[Work instructions]
Set down each line of the data exactly, but not the pictures.

[Supplied information]
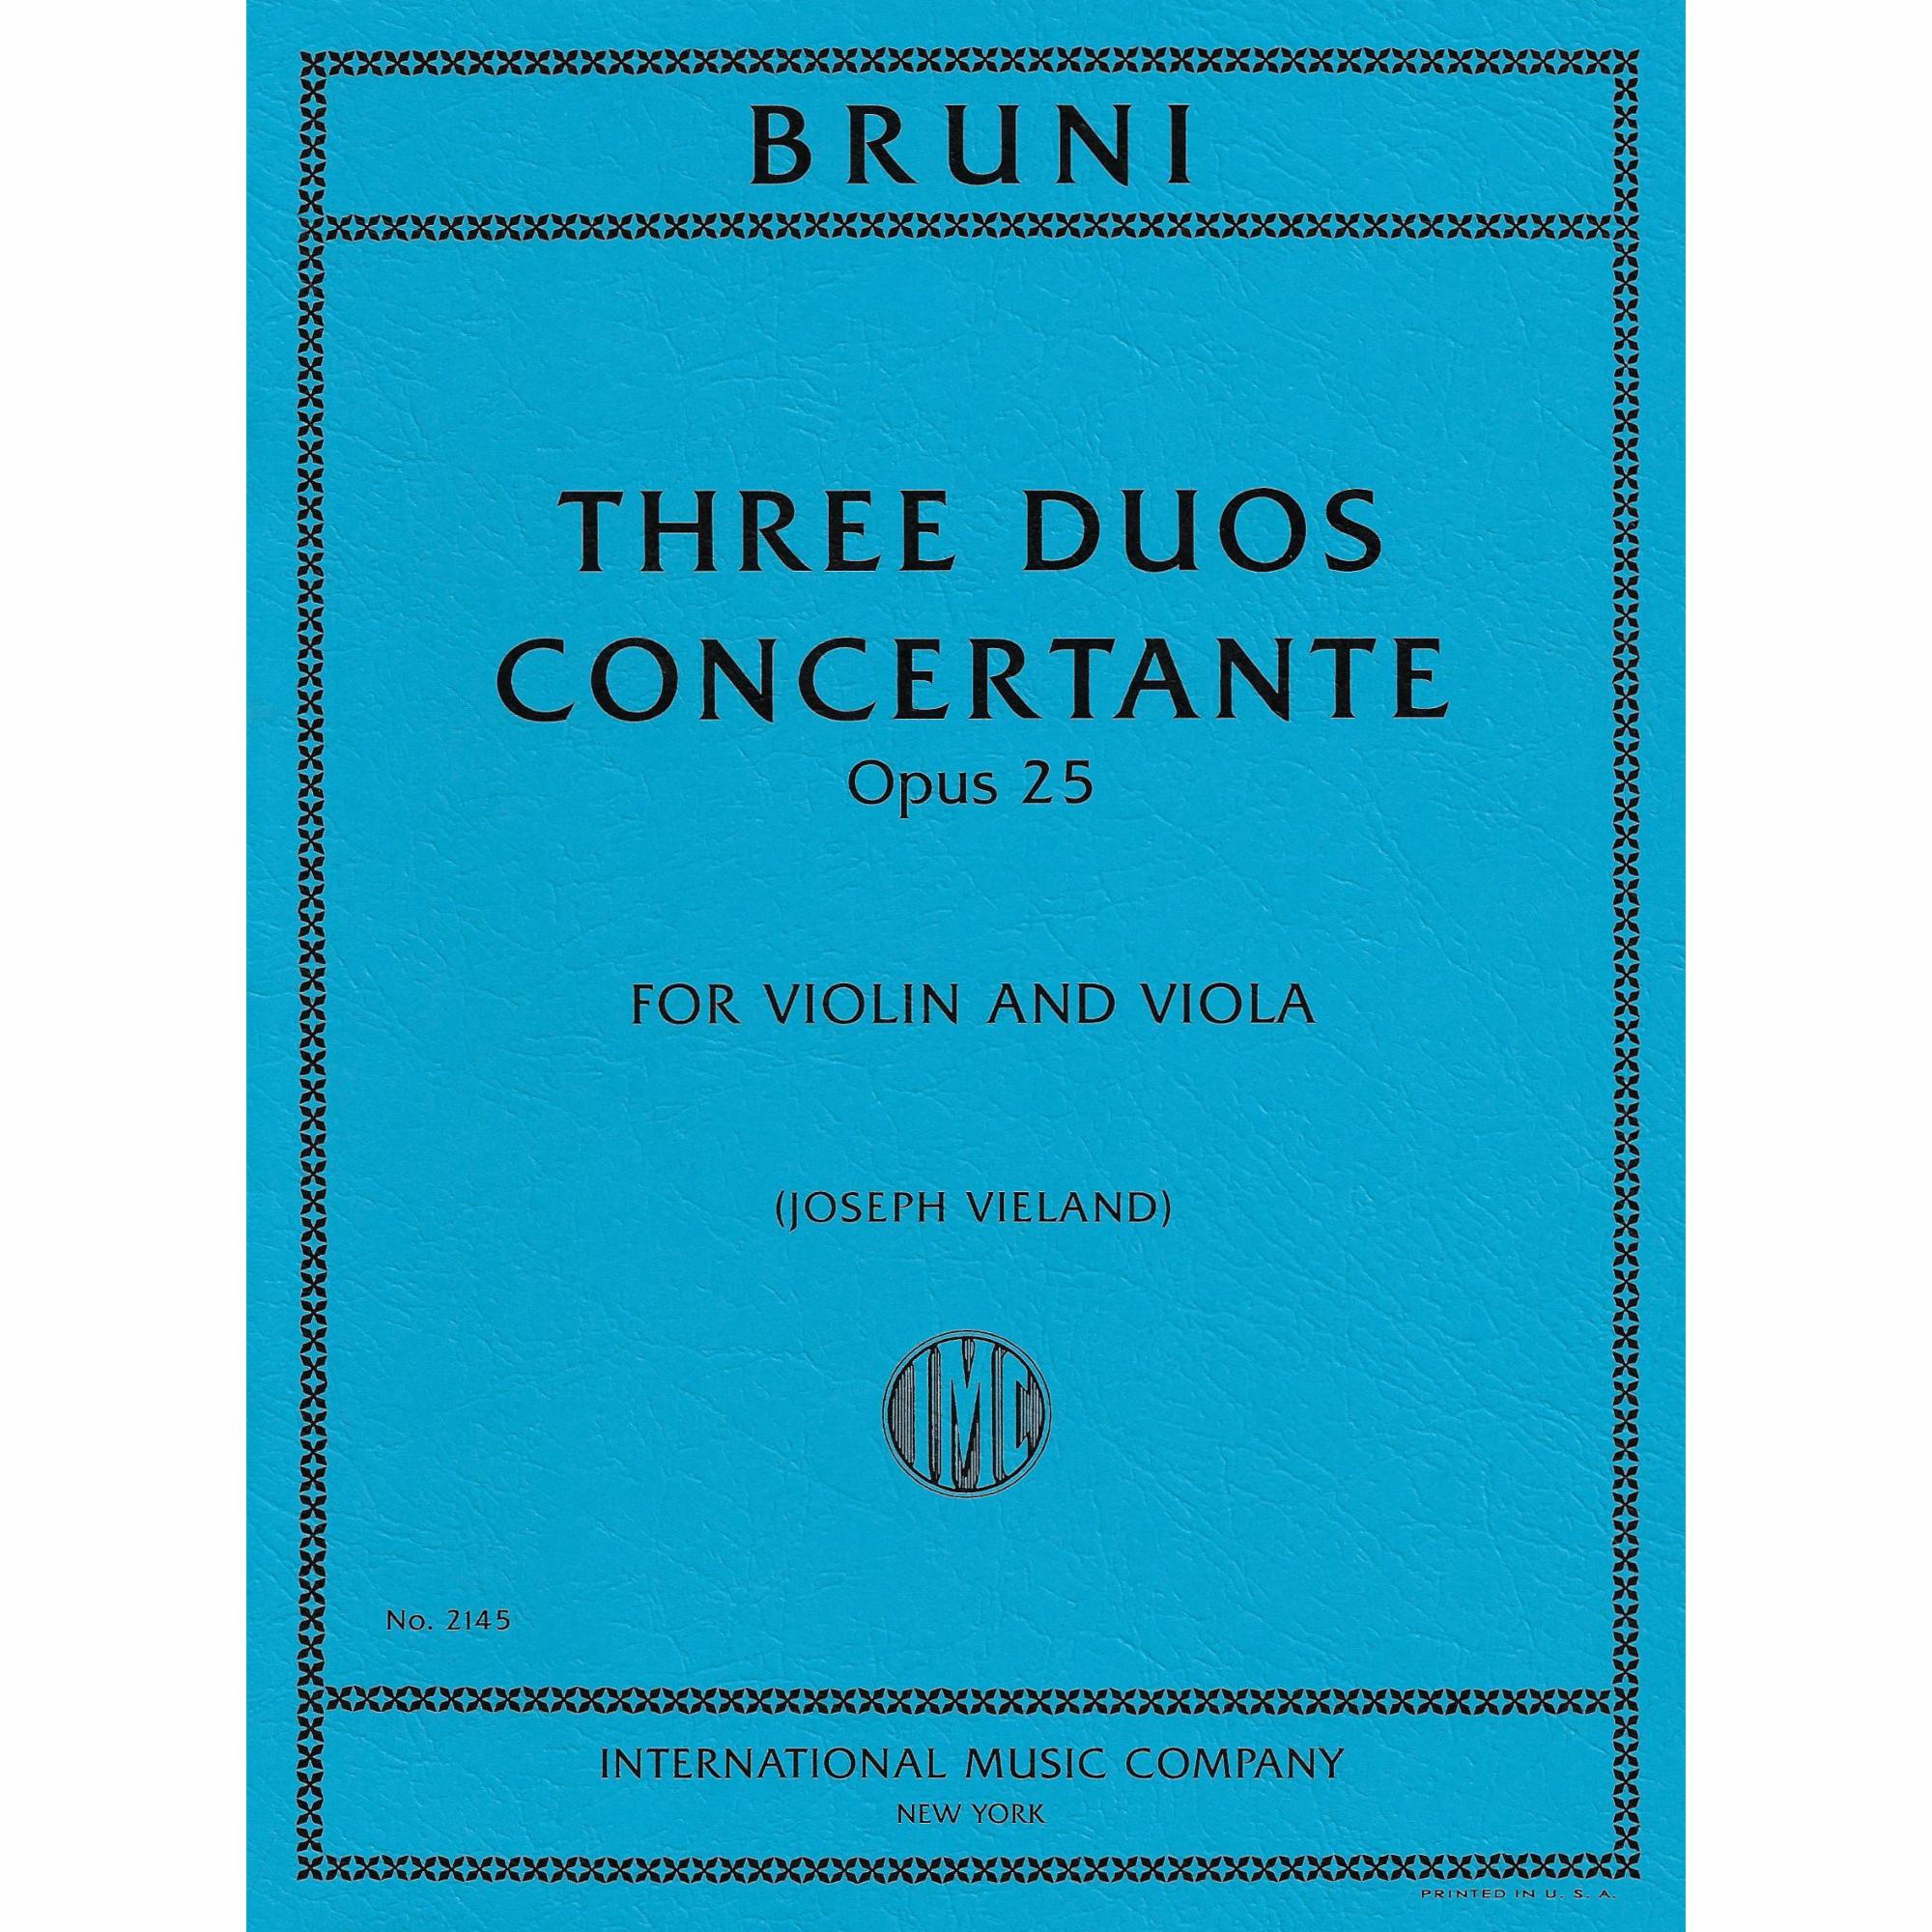 Bruni -- Three Duos Concertantes, Op. 25 for Violin and Viola
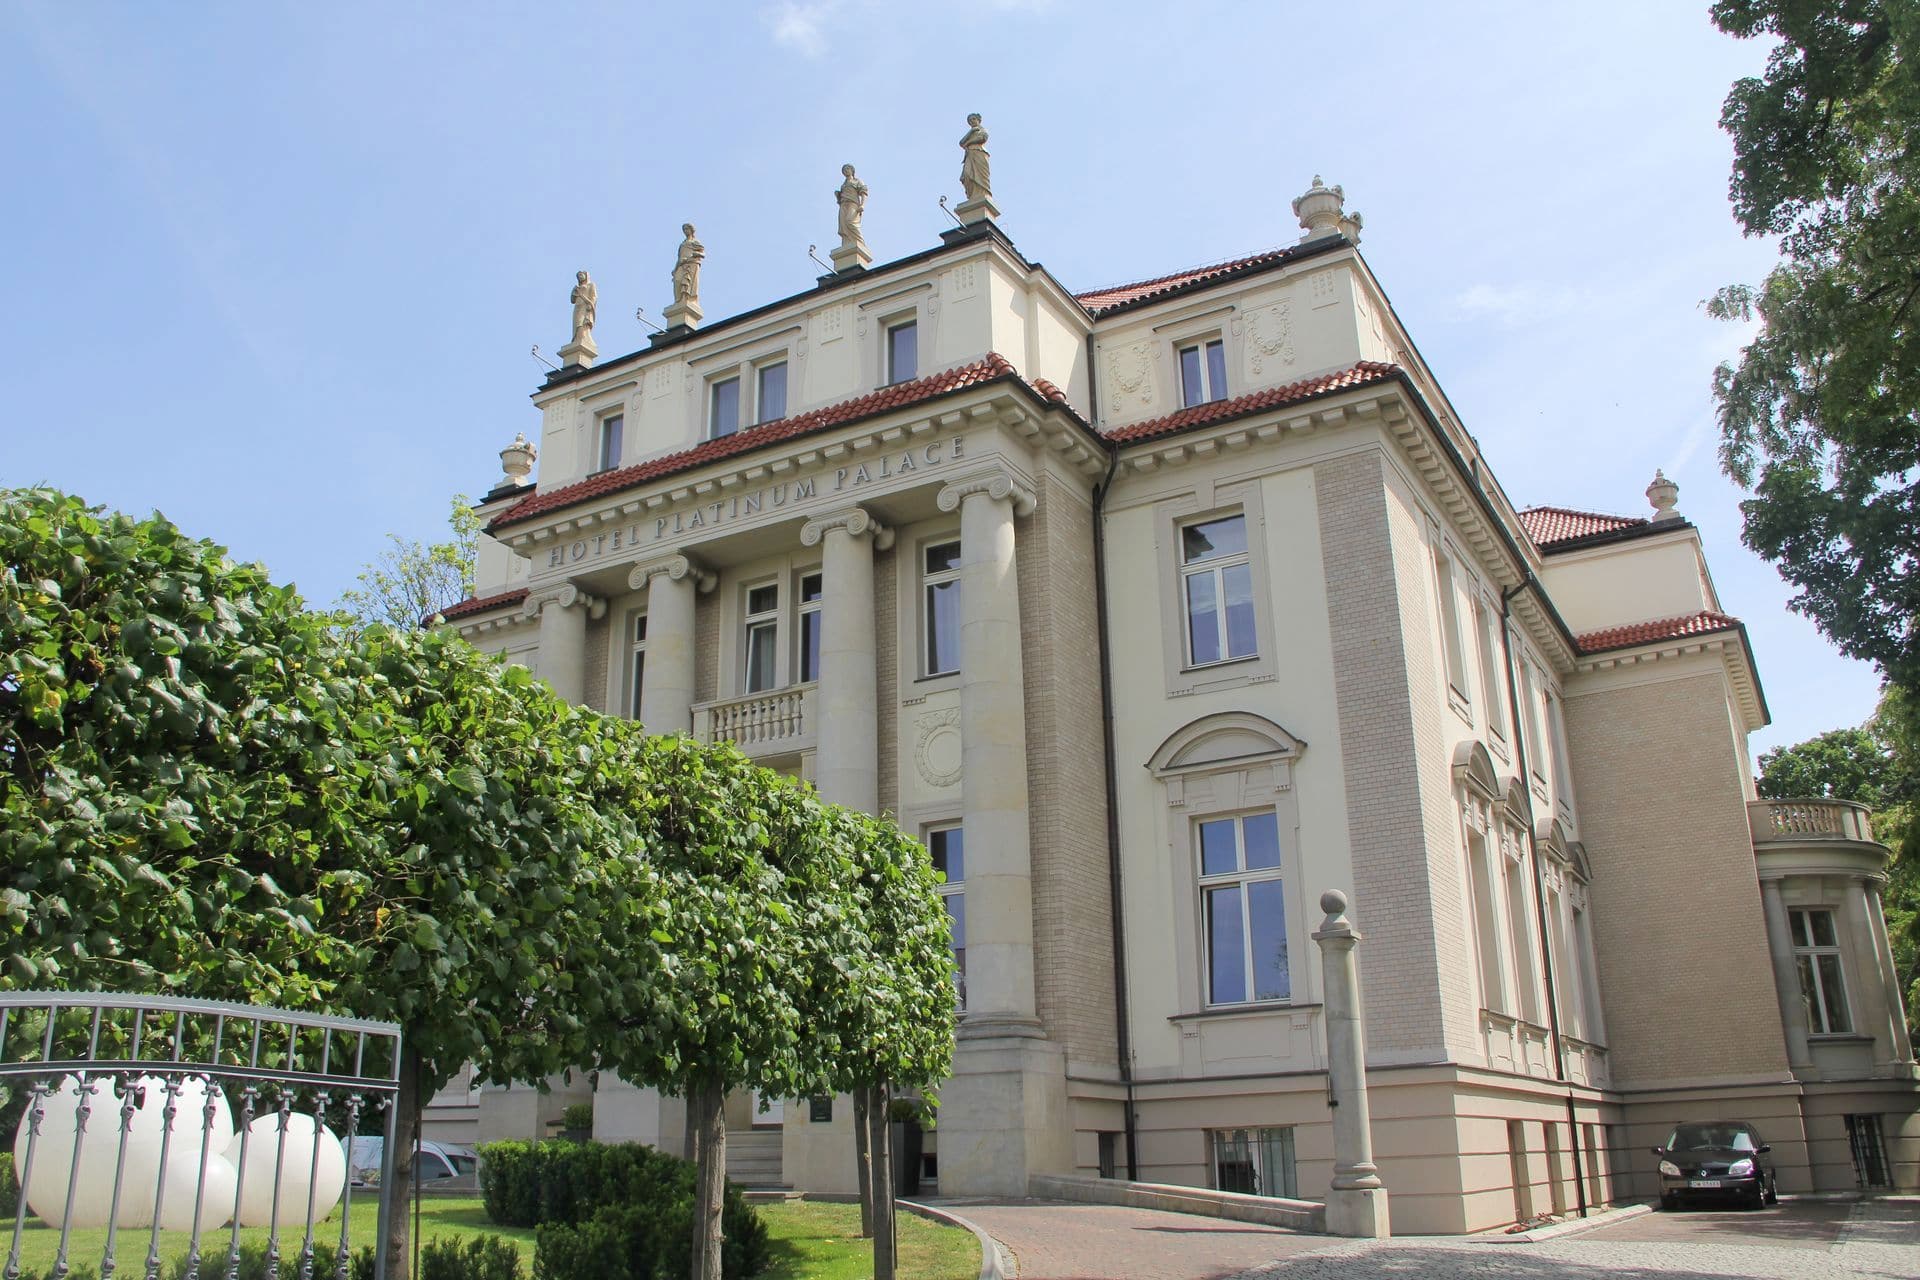 Platinum Palace Breslau
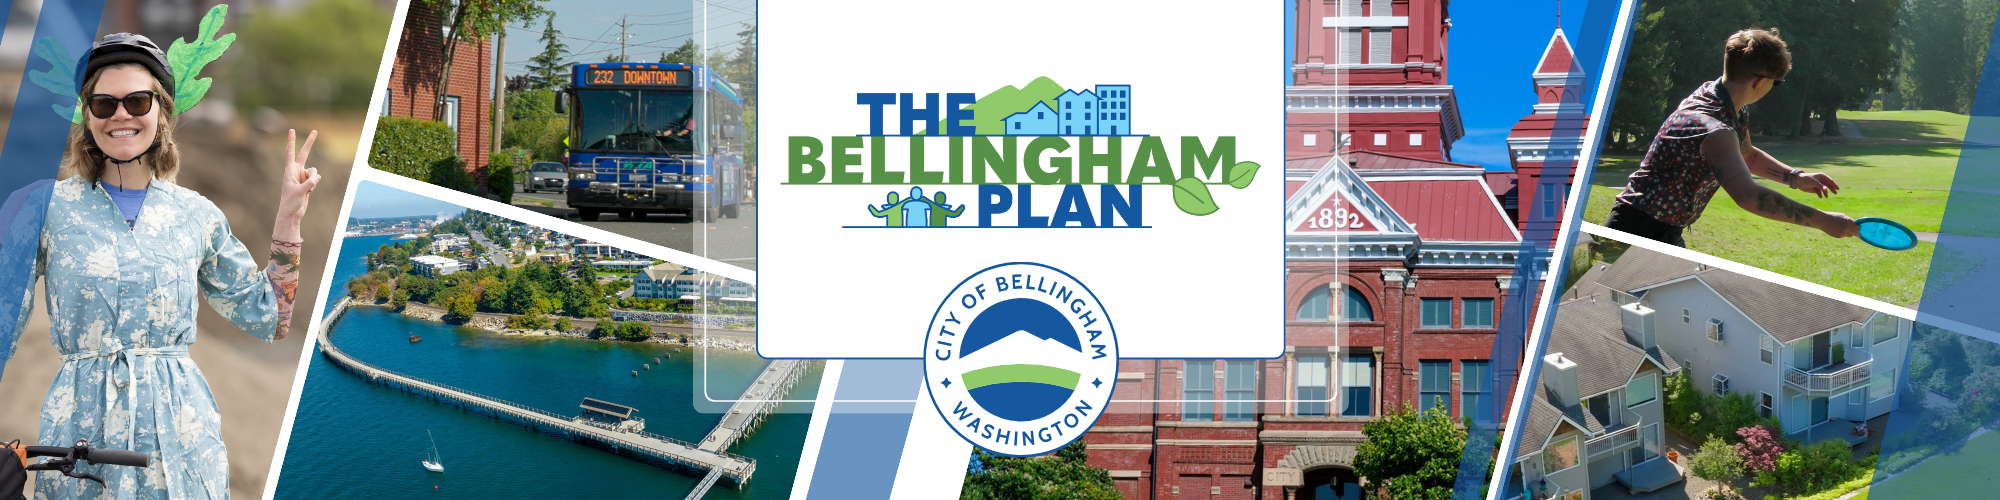 The Bellingham Plan

[Answer for this exercise]
 Bruni -- Three Duos Concertantes, Op. 25 for Violin and Viola
 Platinum Palace Breslau
 The Bellingham Plan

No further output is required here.